The dispersal patterns of the Andites appear to coincide, physically and culturally, with the appearance of the Nordic and Indic Aryans, and possible pockets of Adamic uplift everywhere. These are the troubled troublemaker remnants of the Caligastia rebellion and the Adamic failure, the super-evolutionarily-added elements of humankind, which have no possible evolutionary explanation.

The Nodites may be somewhat naturally explicable as they were, physically considered, enhanced Andonites — some fashion of clone, we might infer, but genetically similar enough to be considered a beneficent mutation from existing evolutionary mortals.

The extraordinarily superior Adamites, however, would appear suddenly 35,000 years ago. Even under the "beneficent mutant" theory, that would be one heck of a beneficial mutation. However modeled on existing DNA it was, it was effectively the mutation from outer space. But, again, we have less and less of human remains to go by as we go back in time; and the relatively small initial Adamite population, while it left a huge footprint on human biology and history, is as subject to merciless Nature as any other population regarding leaving us their biological record. Identifying the early Adamites, as far as I know, is beyond any current anthropological discovery.

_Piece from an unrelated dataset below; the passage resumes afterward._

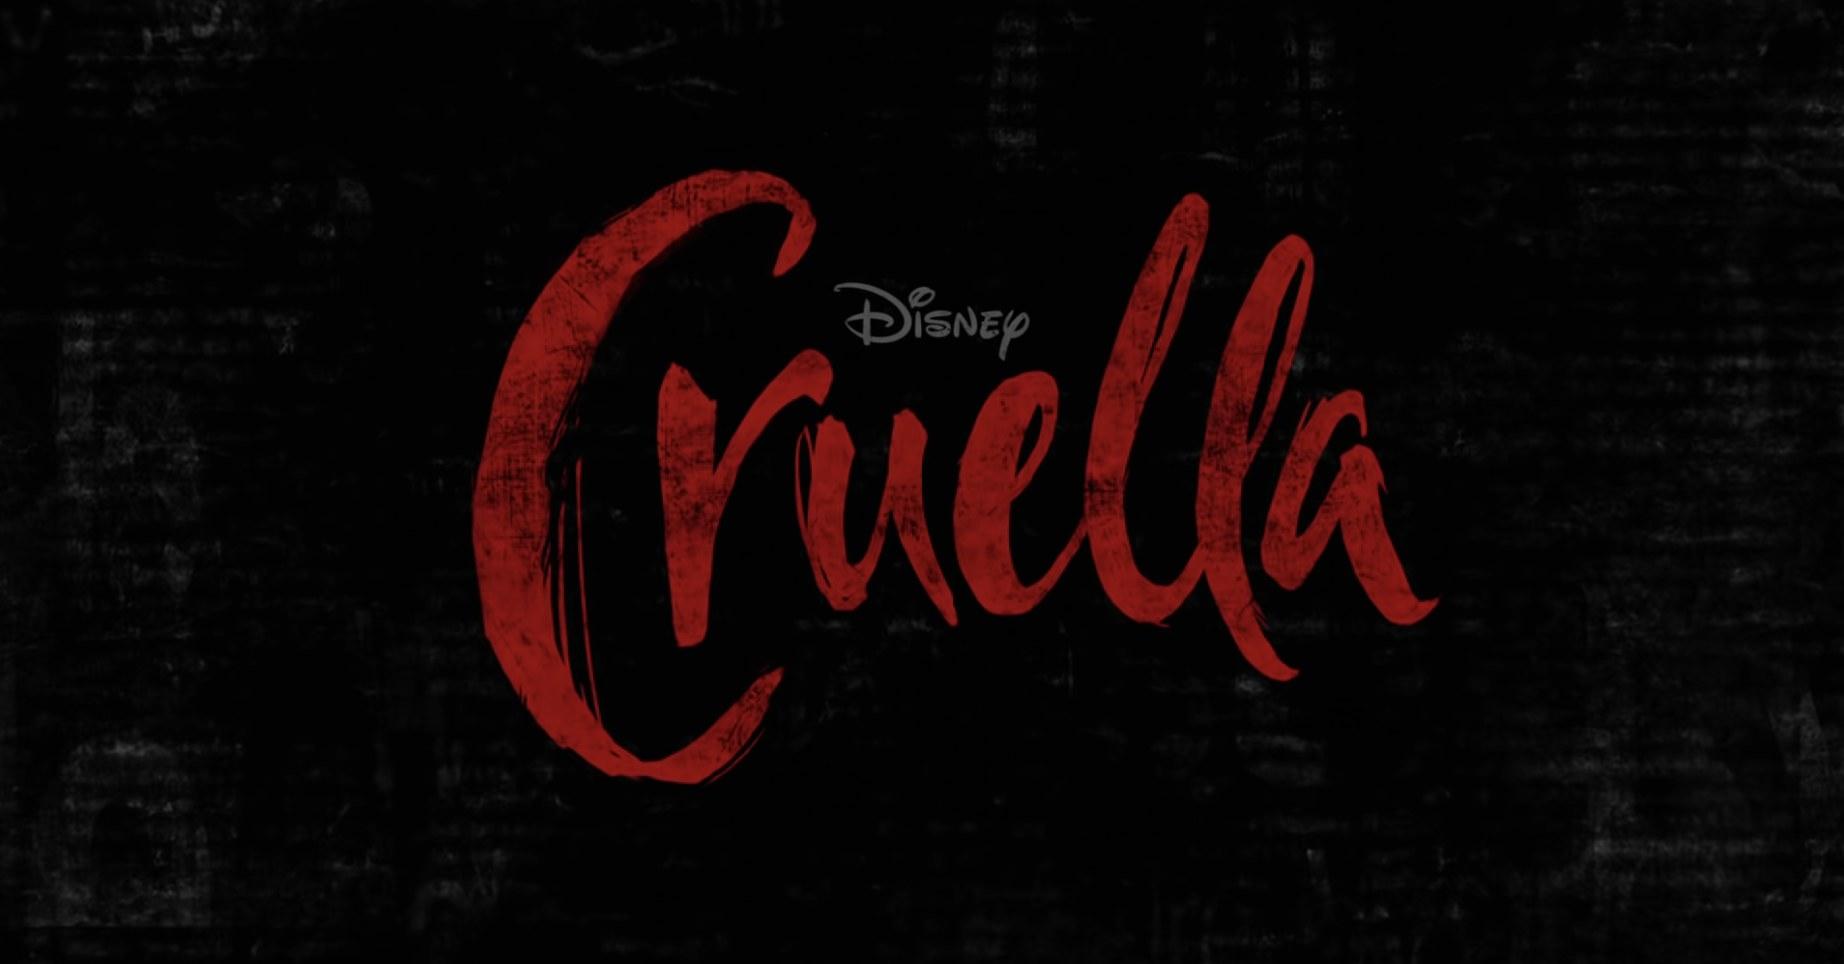 Cruella logo in the first official trailer

They did admix with the Nodites, significantly, and eventually the superevolutionary Andite strains more or less permeated the world's evolutionary populations, which populations themselves continued to mix with one another. We are unlikely to be able to trace backward to anything like a good picture of the millennia-old Adamic origins, given only the utterly blended populations we have today, and the pitifully tiny records we have been fortunate to discover.

As far as I can tell, the Urantia Papers give us mostly information which we could never discover on our own, not for scientific curiosity, although it stimulates that well enough, but for the understanding of our origins, our world's overcontrol and watchcare, from the earliest power controllers, to the resignation of the Life Carriers upon the arrival of human sentience, to the succession of revelations of divine truth.

Perhaps some revealing burial mound under ancient sands will one day confirm some aspects of what the Urantia Papers say about the earliest Adamites, but without something that strong, we will only have the Papers as a broad box-top picture for understanding all the little pieces we get.